For a long while I've been framing some of the difference between my mental modeling and that of another population of developers as the nouns vs verbs.
I thought of that today - my task was to put some analytics to monitor when our main "hamburger" menu was opened. I poked around the React inspector and at the source and couldn't see anything that looked like an "open menu" event. Investigating with the other inspector tools I shortly realized the trick employed was to have the clickable burger bit be a
<label for="anInvisibleCheckbox">
and then some CSS using the ~ sibling selector and the checked state put the sliding menu in the correct position, along with a easing/transition to let it slide gracefully into place.
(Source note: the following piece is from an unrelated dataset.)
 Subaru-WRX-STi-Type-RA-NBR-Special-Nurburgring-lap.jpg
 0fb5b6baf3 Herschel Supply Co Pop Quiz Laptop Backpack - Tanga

It strikes me that the method they used was fundamentally "noun"-ish (i.e. the visible state depends on the checkbox) and that my thinking while hunting was fundamentally "verb"-ish - (the click causes an onpage action to occur) and so it took me a little longer than it might have to realize there was no onClick to be found.
I know I'm biased, but somehow the "invisible checkbox" feels like chicanery to me - not to mention, to do the analytics, I had to code to an imperative style, rather than the declarative pattern the invisible checkbox represents, anyway.
My thinking reflects my history as a web developer - from the bad old 90s when an entire HTML page would land as the result of some serverside CGI processing, and that's all you got, on to me learning CSS and JQuery at the same time - a paradigm where the DOM is stable (more or less like the CGI days) but where Javascript with JQuery selectors could make changes to it at certain specific times, kind of an event-driven model.
This DOM stability is in sharp contrast to the Angular and React assumption that declarative nirvana is found by assuming JS memory is canonical, and that the DOM should be rejiggered as quickly and automatically as possible to reflect those structures. (And of course Redux swings back around to an event-driven way of thinking, but with formalizing manipulating the store/state of memory and not DOM.)
And making a smoothly transitioning UI (a critical bit of UX) uses those CSS transitions - still not my most fluent language, and still feeling a bit awkward. I guess it's because it's nouning a verb, so to speak-- or rather applying the adverb to the adjective....i.e. when you add an easing to a jQuery transition, you're clearly applying an adverb to a verb - change this state quickly, or bouncily, or whatever. Declaring it as a CSS transition - that when this adjective (e.g. the right: property) changes, it changes slowly, or mechanically, or whatnot.
I'm not saying my event-driven, DOM-centric, verb-ishness is superior - but knowing what my instincts are, and that they differ from those of some of my peers, helps me get in their heads a bit more and understand their presumptions and their code that much better.